Nous avons parlé dans ce blog du coin des ados à Die (Drôme), intéressons-nous aujourd’hui à la table des ados à Civray (Vienne), une petite ville dont je vous ai parlé ces derniers temps. A la lisière du centre, en bordure de la Charente, se trouve un parc public généreusement doté en tables de pique-nique. L’une d’elles retient mon attention, car j’y ai vu un groupe d’ados et elle me donne l’impression d’être leur lieu de rendez-vous favori. Retournant sur les lieux, je m’aperçois grâce à des indices d’usure de l’herbe qu’elle est la plus utilisée de toutes. Bien que l’endroit soit bien tenu, il y a là plein de petits déchets qui attestent cette impression d’usage intensif.
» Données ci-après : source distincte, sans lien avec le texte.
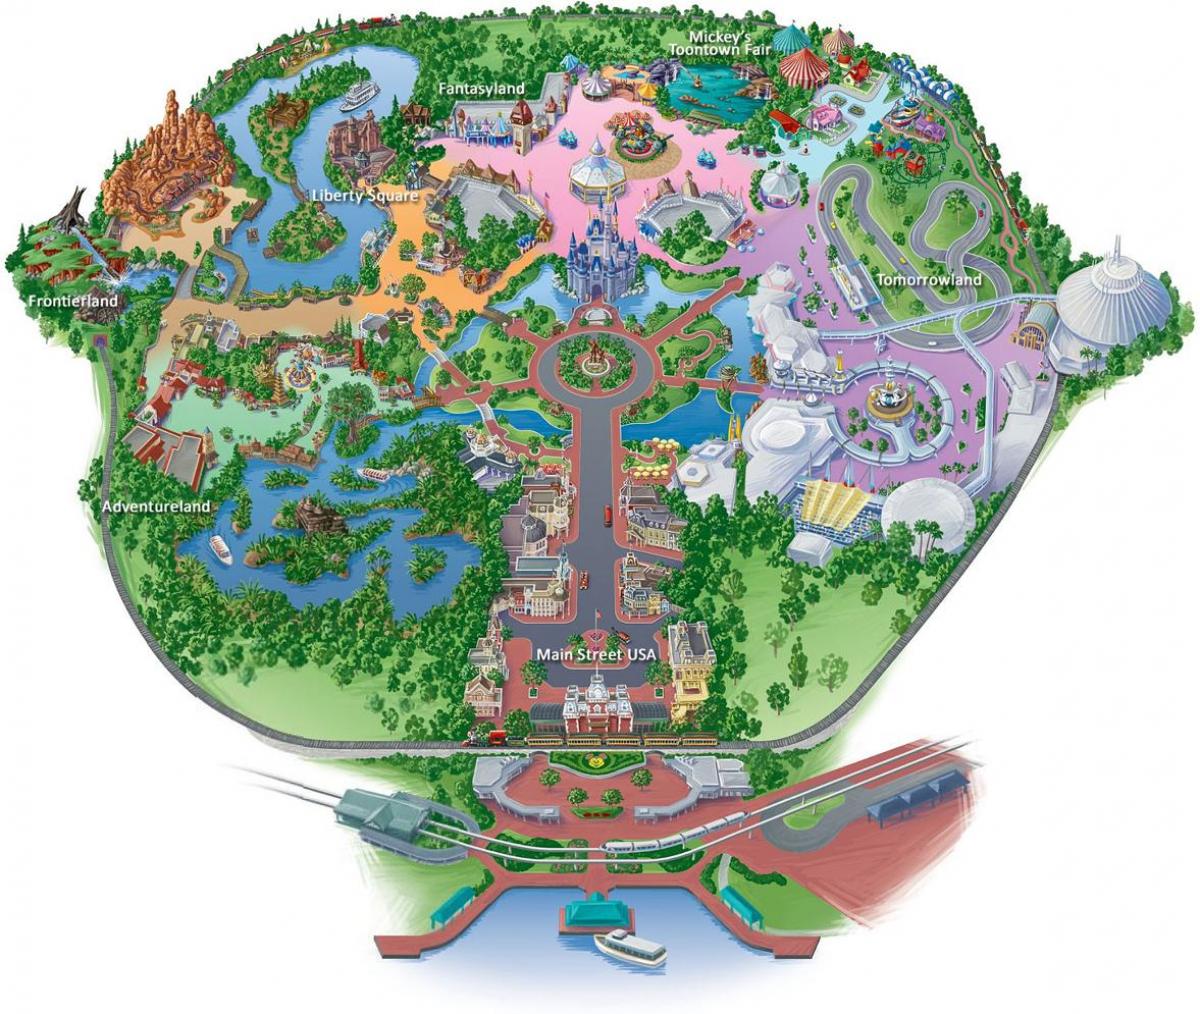 kort over Hong Kong Disneyland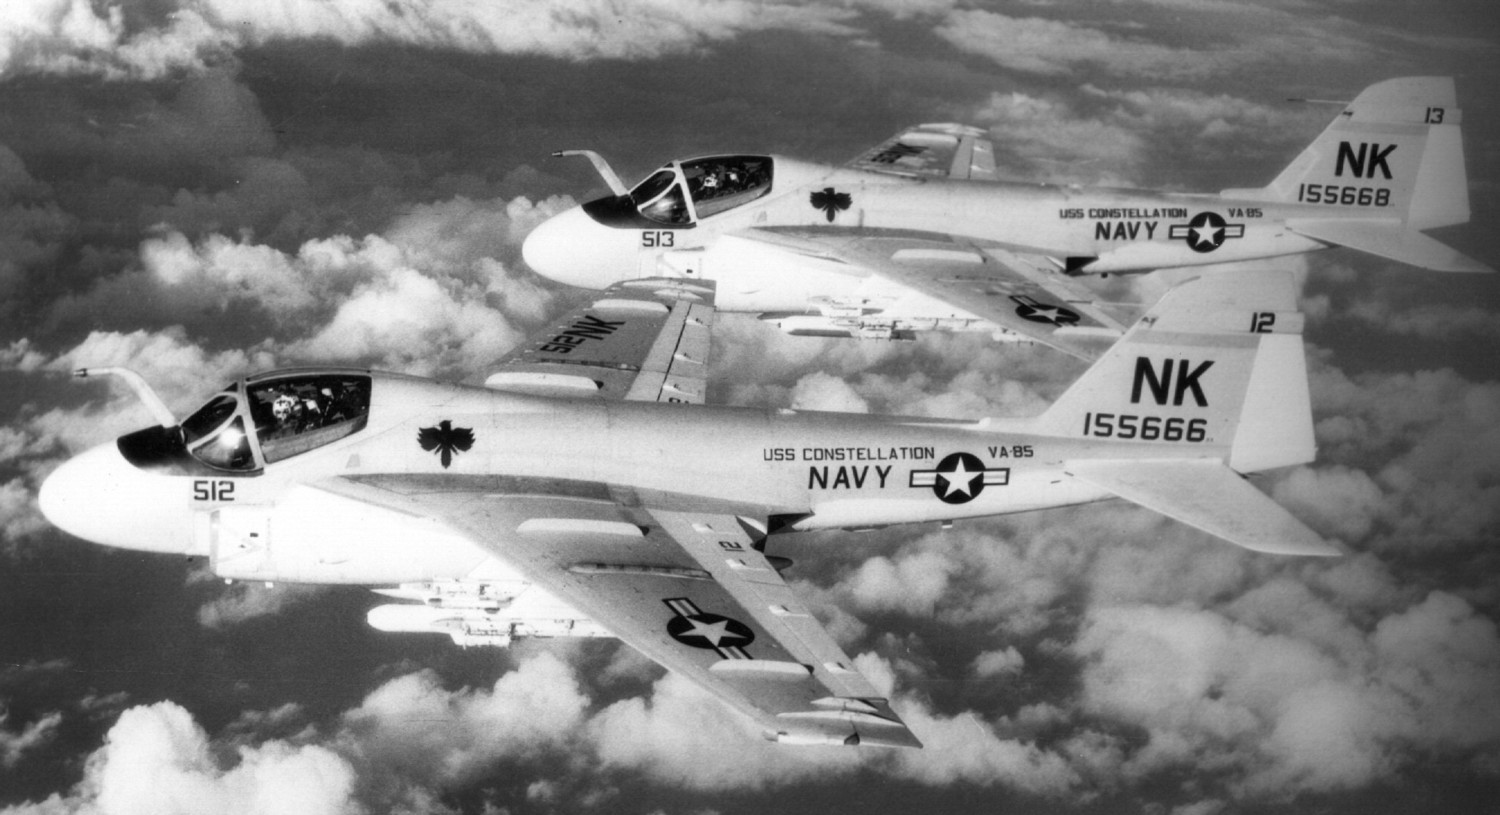 va-85 black falcons attack squadron us navy a-6a intruder carrier air wing cvw-14 uss constellation cva-64 30

La table elle-même confirme que c’est bien là le coin des ados. Elle est couverte d’inscriptions que je regarde de plus près. Pas de grosses b…., curieusement, mais sans doute une majorité d’écritures de filles, avec pas mal de cœurs (j’aurais dû les compter) et divers messages dont la signification m’échappe, sans doute en rapport avec des réseaux sociaux. Rien de très original, ce doit être du marquage de territoire et aussi une forme de communication indirecte, mais un sociologue aurait là-dessus davantage de choses à dire. Ce qui m’intéresse plus spécialement, c’est la localisation de cette table. Comme dans le cas de Die, elle se trouve dans un coin à la fois écarté, sur une marge de l’espace public, et offrant une bonne visibilité sur les gens qui circulent dans le parc – ce qui permet de repérer les copains et copines, tout comme des adultes un peu trop curieux. Enfin, l’endroit ne manque pas de qualités : il est ombragé, à l’abri d’une petite averse et en bordure immédiate de la rivière. On imagine volontiers l’ado comme une créature fruste et mal dégrossie, il n’en reste pas moins qu’il sait se choisir les meilleurs coins, quand on lui en laisse la possibilité.
Au passage, on se trouve dans le secteur où deux personnes m’ont dit qu’ « on n’ose plus sortir le soir », car dans cette toute petite ville de 2700 habitants il y aurait là des groupes de jeunes qui agresseraient verbalement les passants – une affirmation qui fait bien rire d’autres personnes que j’ai interrogées à ce sujet. Comme mon hôtel donne pile sur ce quartier chaud, j’y viens quatre soirs de suite à une heure avancée pour voir ce qui s’y passe mais je ne vois personne, comme quoi il y a quand même il y a des soirs où l’on peut sortir ici sans entendre autre chose que le bruit de ses pas. C’est un tout petit peu rassurant en ces temps d’angoisses sécuritaires.